Higher order computational methods (including simply more intensive, non-high throughput DFT) are accurate but expensive as you know. Some of them have systematic error in the way DFT does, and are essentially based on user choice of (many!) parameters. Charged defect calculations are on example of this. Finding large (>10^4) training sets with similar parameters for computation is difficult. “ML” for these kinds of calculations usually consists of like, calculating a hundred (or 10) crystals within a narrow chemical system, doing a linear regression on one variable (eg, valence of cation on some site), and getting numbers +\- 10% of a “true” number.
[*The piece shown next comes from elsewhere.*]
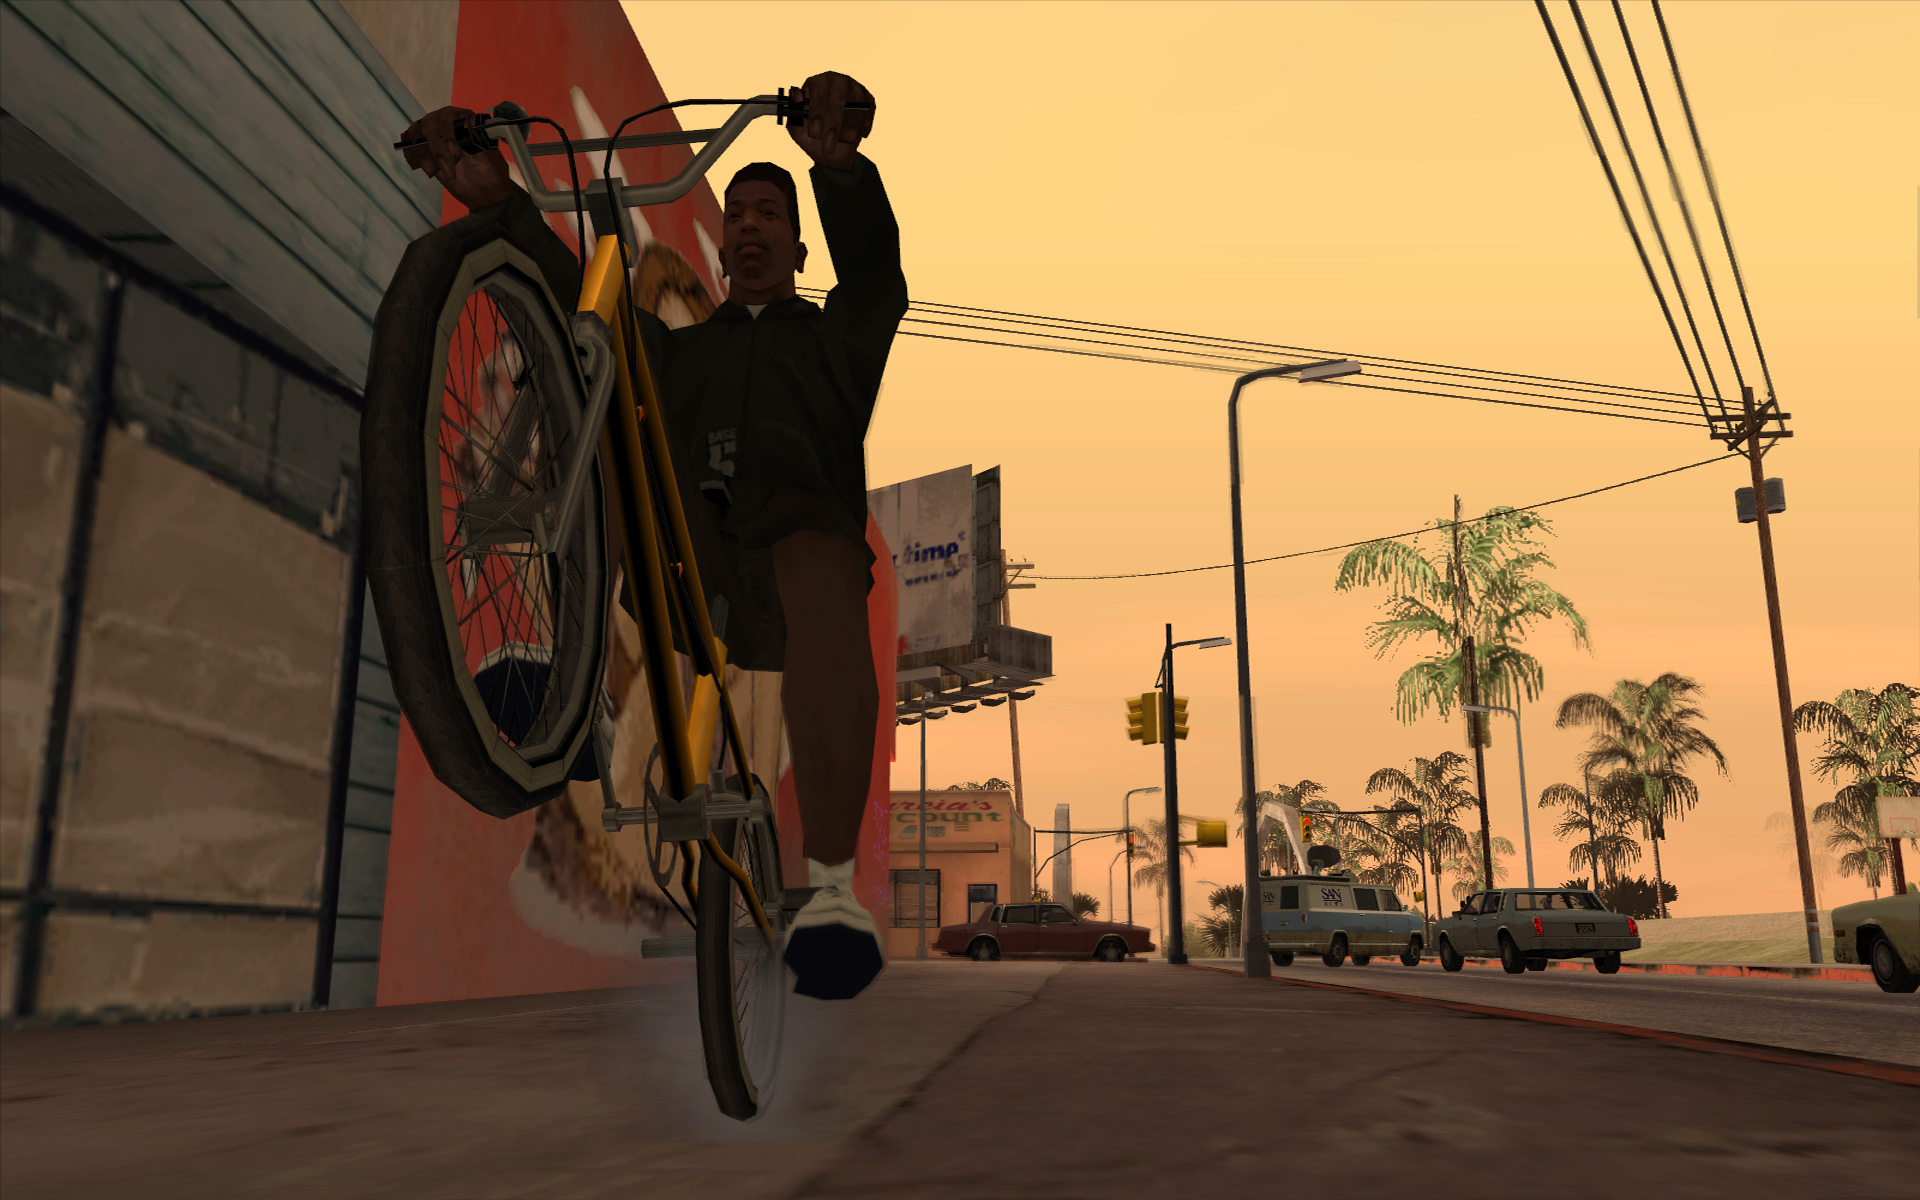 gta san andreas game download for pc free full version
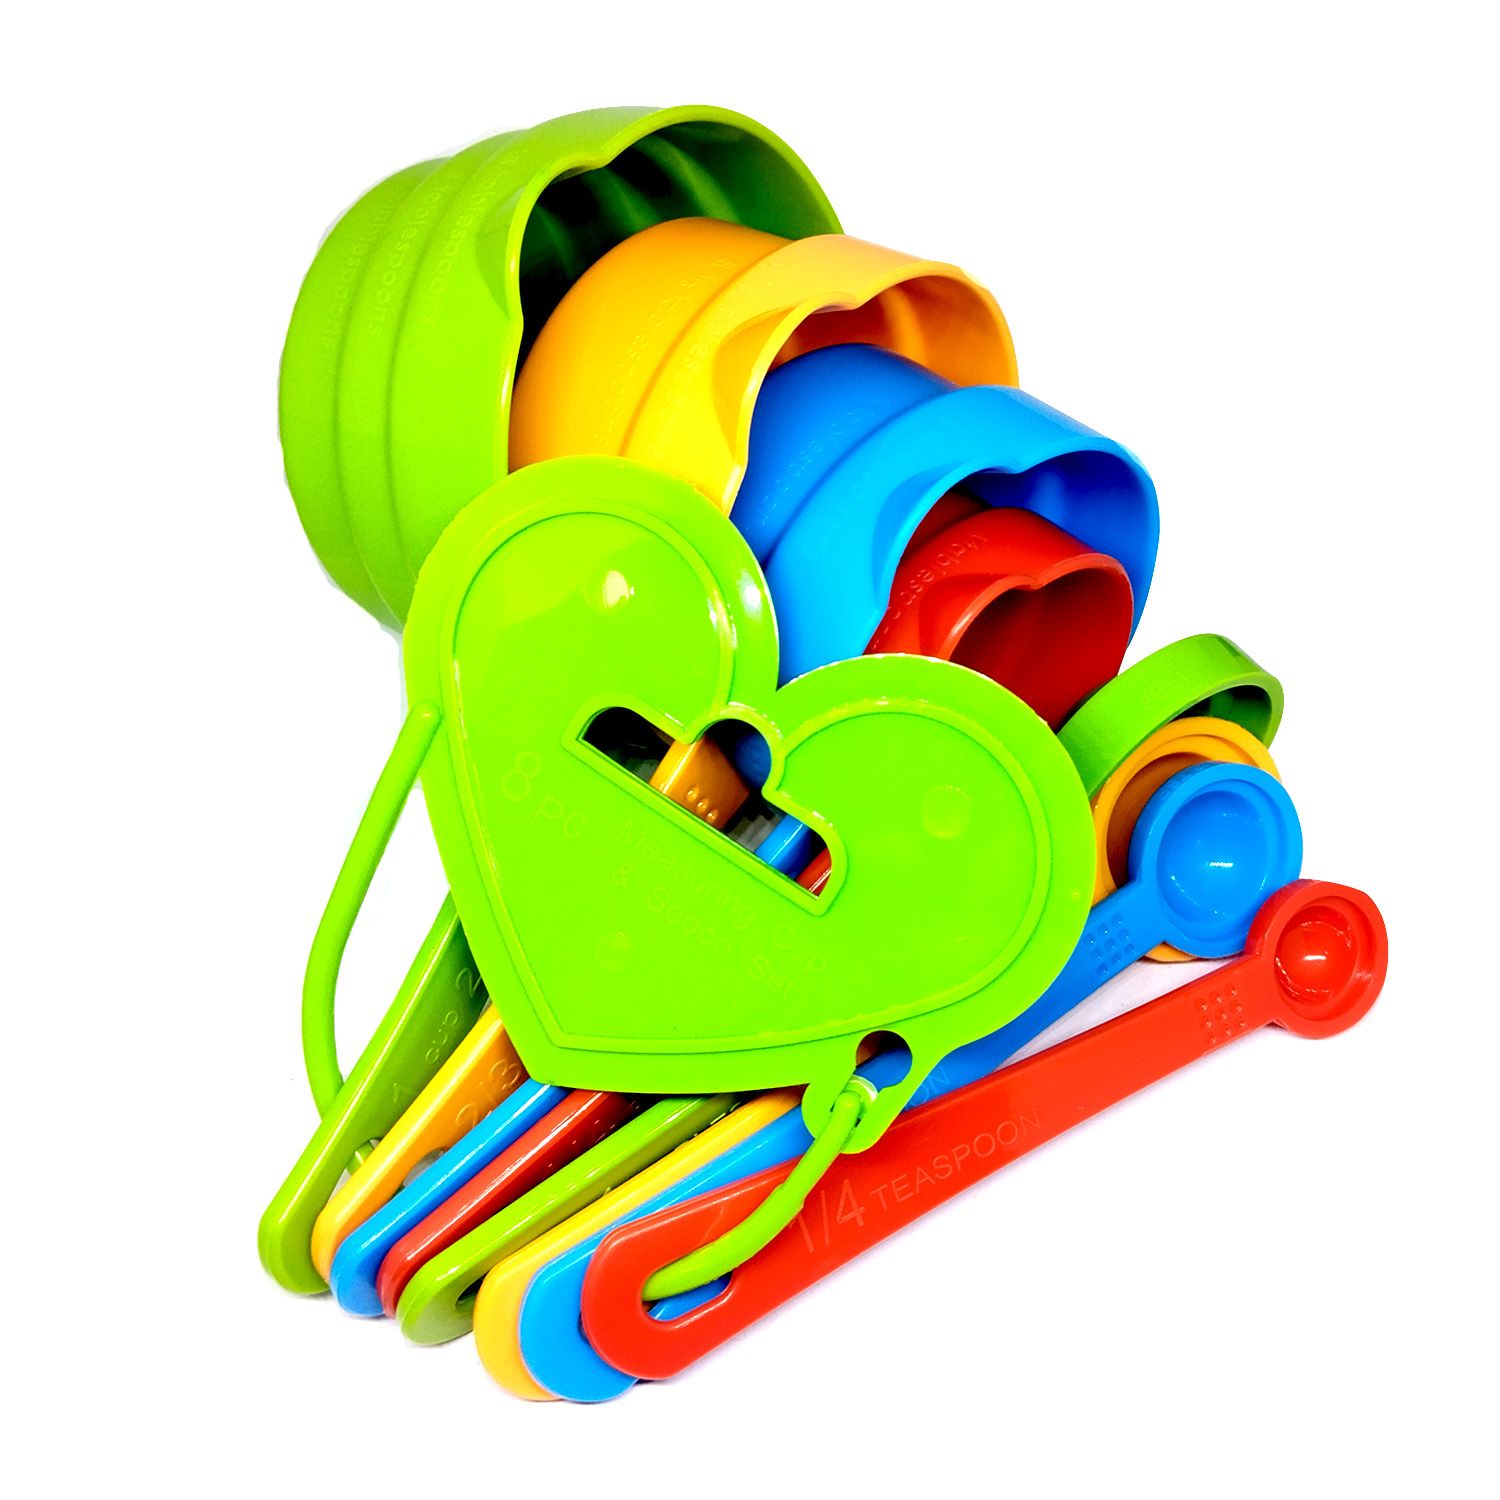 ZURU BUNCH Bright Color Measuring Cups and Spoons Set with Hanging Hook for  Kitchen and Baking

GGA/meta-GGA DFT, on the other hand, can be applied at a sufficient fidelity to get real(ish) numbers in a homogenous way across huge numbers of crystals. So you are correct, you are predicting an approximate number for a property in many cases. But if we know the approximate number is wrong due to systematic error (and we can, in some situations) we can apply corrections or higher order methods to get the right(ish) answer. More, it’s highly dependent on which property you’re interested in. Some properties, like band gap, can be off by a lot. Others, like formation energy, can be calculated pretty accurately even with run-of-the-mill GGA DFT. Elastic moduli are generally ok.

in summary, approximating DFT with ML is just the least messy way to get real-ish answers across a large number of materials. Of course, there’s a point at which low-fidelity DFT calculations are - (1) so cheap and (2) so inaccurate, generally - that having an ML model approximate them is pointless. Most large DBs of materials now use good enough DFT that the numbers they calculate are not pointless for ML to learn from.

In the future, I think models trained on large numbers of DFT calculations will have to be applied to narrow sets of higher fidelity calculations by tuning. Much like you can fine tune a generalized LLM to do specific things. That might be where ML can actually bring real value to materials design.

Also, it’s worth considering that synthesizing novel materials can be insanely difficult. So 1 in 4 is not bad in my opinion.